Let #vecv = # the vector from #(2, 0, 1)# to #(0,4,-3)#:
#vecv = (0-2)hati+(4-0)hatj+(-3-1)hatk#
#vecv = -2hati+4hatj-4hatk#
Let #vecu = # the vector from #(2, 0, 1)# to #(-2, 5, 0)#:
#vecu = (-2-2)hati+(5-0)hatj+(0-1)hatk#
#vecu = -4hati+5hatj-1hatk#
Compute the dot-product by multiplying the respective components:
#vecv*vecu = (-2)(-4) + (4)(5)+(-4)(-1)#
#vecv*vecu = 32#
Compute the magnitudes:
#|vecv| = sqrt((-2)^2+4^2+ (-4)^2)#
#|vecv| = 6#
#|vecu| = sqrt((-4)^2+5^2+(-1)^2)#
#|vecu| = sqrt(42)#
Use the equation, #vecv*vecu = |vecv||vecu|cos(theta)#, to find the cosine of the angle between the two vectors:
#32= 6sqrt42cos(theta)#
#cos(theta) = 32/(6sqrt42)#
If the points were co-linear, then the cosine of the angle between their vectors would have been #+-1#; it is not, therefore, the points are not co-linear.
Use the cross-product to find a vector that is perpendicular to both vectors. I use a 5 column determinant to compute the cross-product.

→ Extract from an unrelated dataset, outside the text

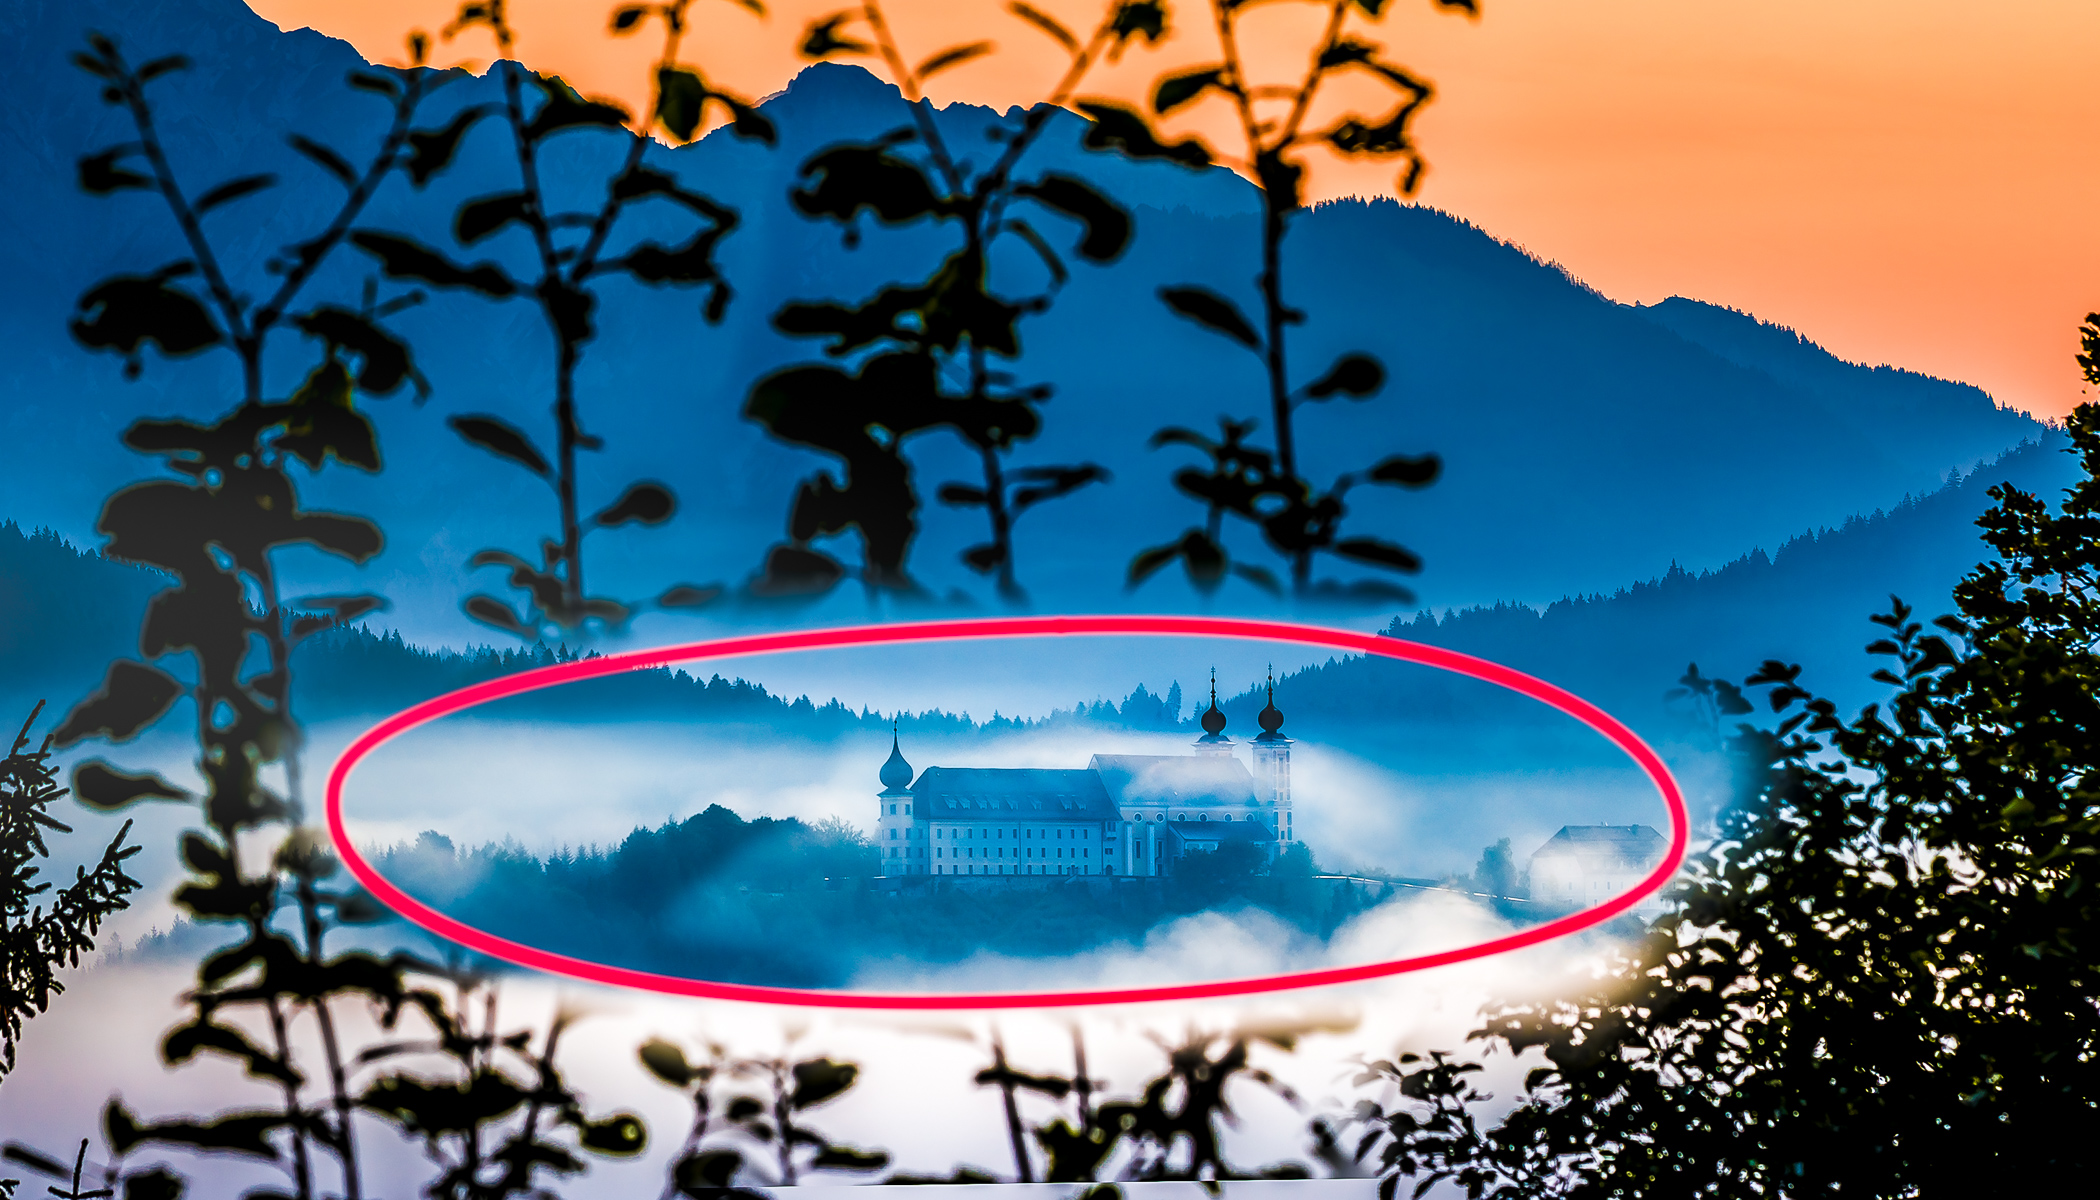 Geschichte eines Fotos Wallfahrtskirche über dem Nebel

First the major diagonals:
#|(color(red)(hati),color(green)(hatj),color(blue)(hatk),hati,hatj),
(-2,color(red)(4),color(green)(-4),color(blue)(-2),4),
(-4,5,color(red)(-1),color(green)(-4),color(blue)(5))
| = #
#color(red)((4)(-1)hati)+color(green)((-4)(-4)hatj) + color(blue)((-2)(5)hatk)#
Subtract from that the minor diagonals:
#|(hati,hatj,color(blue)(hatk),color(red)(hati),color(green)(hatj)),
(-2,color(blue)(4),color(red)(-4),color(green)(-2),4),
(color(blue)(-4),color(red)(5),color(green)(-1),-4,5)
| = #
#color(red)({(4)(-1)-(-4)(5)}hati)+color(green)({(-4)(-4)-(-2)(-1)}hatj) + color(blue)({(-2)(5)-(4)(-4)}hatk)=#
#16hati+14hatj+6hatk#
Divide the vector by 2:
#8hati+7hatj+3hatk#
These coefficients match the coefficients for #x, y, and z#, respectively in the scalar equation for a plane:
#8x+7y+3z = c#
To determine the value of c, substitute in one of the points. I shall use the first one:
#8(2)+7(0)+3(1) = c#
#c = 19#
The scalar equation of the plane that contains all 3 points is:
#8x+7y+3z = 19#